I’m not a fan of Facebook. I think it’s too invasive, and I worry that my personal information is being sold to the highest bidder (and maybe even that they’re already selling it). But I don’t want to delete my account, because then I’ll miss out on all these cool new features. So I have this awkward hybrid status where I’m not really an active member, but I can check in occasionally when I feel like it.
When I was young, I used to make notes for myself. Notes about what I wanted to do or who I wanted to be with. It helped me figure things out, and kept me grounded. Nowadays, I’ve got my phone, but sometimes I miss writing something down.
So last week, I decided to try out the new app called Privnote. It’s basically a secret note-taking tool, but you post them publicly on Facebook so other people can see how you’re feeling. The idea is that you write in there at the times when you need help remembering how you’re feeling. You might say “I’m feeling sad” or “this guy doesn’t respect me”. Other people can read those posts and help you figure out why you’re upset.
I tried it out, and it worked for me. I wrote one note saying “I’m feeling lonely”, which made me feel better. I wrote another one saying “I’m feeling embarrassed”, which made me realize just how ridiculous some of my social media habits are. And I wrote one saying “I’m feeling stressed”, which made me remember the importance of taking a break from technology every now and again.
Here are three tips for using Privnote effectively!
1) Use it to get emotional support.
Privnote is designed to help you manage your emotions. That means that you should use it during the times when you need help dealing with your feelings. I find that this helps you stay focused. There’s no point writing a blog post if you don’t know why you’re doing it. When you’re feeling anxious or depressed, your brain doesn’t work properly. Your thoughts become convoluted, and you start thinking irrational things. In order to solve problems, we need to be able to analyze our emotions and come up with solutions. If we can’t do that, we risk getting stuck in a loop of negative emotions.

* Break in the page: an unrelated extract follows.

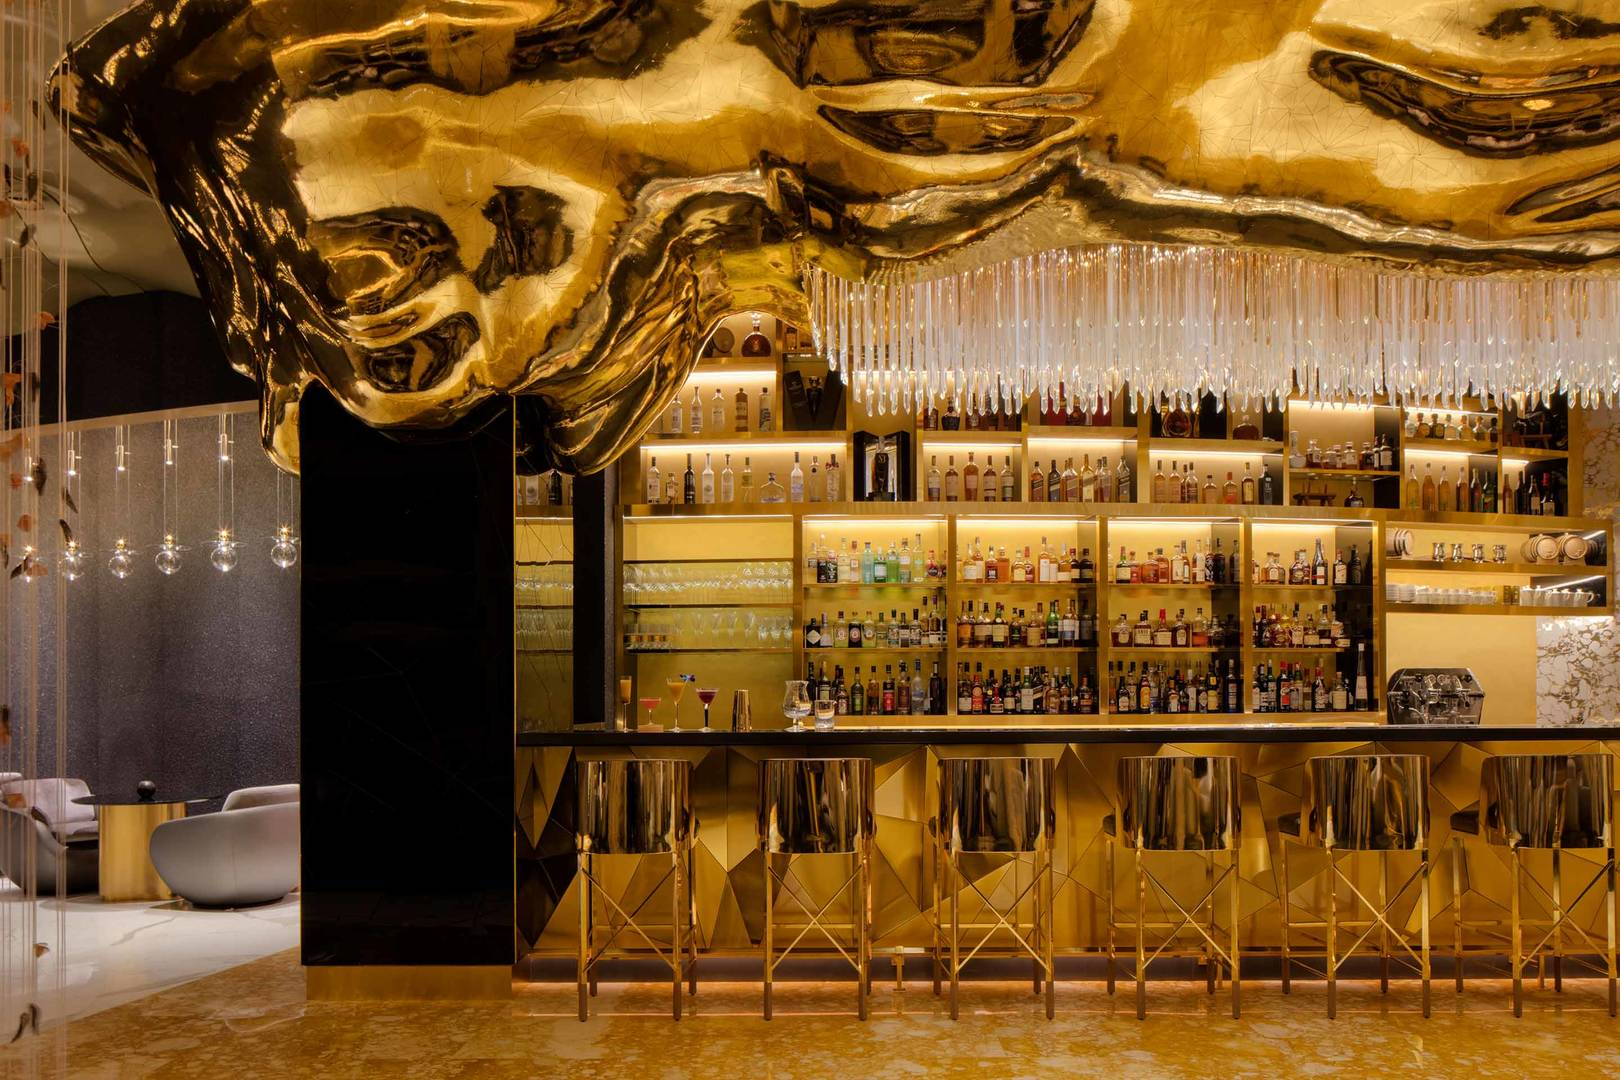 https://cdn.jumeirah.com/-/mediadh/DH/Hospitality/Jumeirah/Restaurants/Dubai/Burj-Al-Arab-Gold-on-27/Restaurant-Gallery/Burj-Al-Arab-Gold-On-27_6-4.jpg?h=1080&w=1620&hash=D9A2B542C5A1CB54835A5EB0AFAD87EF

It’s important to realize that emotions aren’t always bad. They can actually be useful! For example, if you’re feeling anxious, you’re probably going to be less likely to procrastinate. If you’re feeling depressed, you’re probably going to put more effort into finding a job. If you’re feeling ashamed, you may be tempted to change certain aspects of your life. Emotions aren’t inherently good or bad; it depends on how you choose to respond to them.
In terms of Privnote, that means that you shouldn’t post anything about your negative emotions unless you also plan to take action to solve them.
2) Post your positive emotions as well.
While you should only share information about your negative emotions, you should still share your positive emotions. After all, we all experience happiness, and it’s important to acknowledge it. I wrote a few notes about my experiences of joy, and I found that sharing those experiences helped me keep perspective.
3) Share your thoughts and insights anonymously.
The major advantage of using the Privnote for the users is that the person can use them for just 30 days of the time. Even if the person wishes to increase the period, they can consult with the authorities and complete the work on time. They will just have to fill the form and complete the process and they will get the extended period in no time.
This is especially helpful for people who are struggling with their emotions. By posting anonymous notes, you give yourself permission to express whatever kind of emotions you want without worrying whether anyone will judge you. You’re telling the world that you’re comfortable with sharing your feelings because you believe that everyone has the right to share theirs. This lets people know that they should feel safe enough to post their own notes too.
And once you’ve posted a note, you can always go back and edit it. For example, if someone shares a note saying “I’m feeling scared”, you could tell them that you’d prefer that they didn’t write that – if they did, they should consider changing their wording.
There are a bunch of great uses for Privnote beyond managing your emotions. You can use it to brainstorm ideas, organize events, and communicate with others. It’s a great tool for students who struggle with keeping track of assignments, and it’s easy to use. Basically, it can help you achieve whatever goals you set for yourself.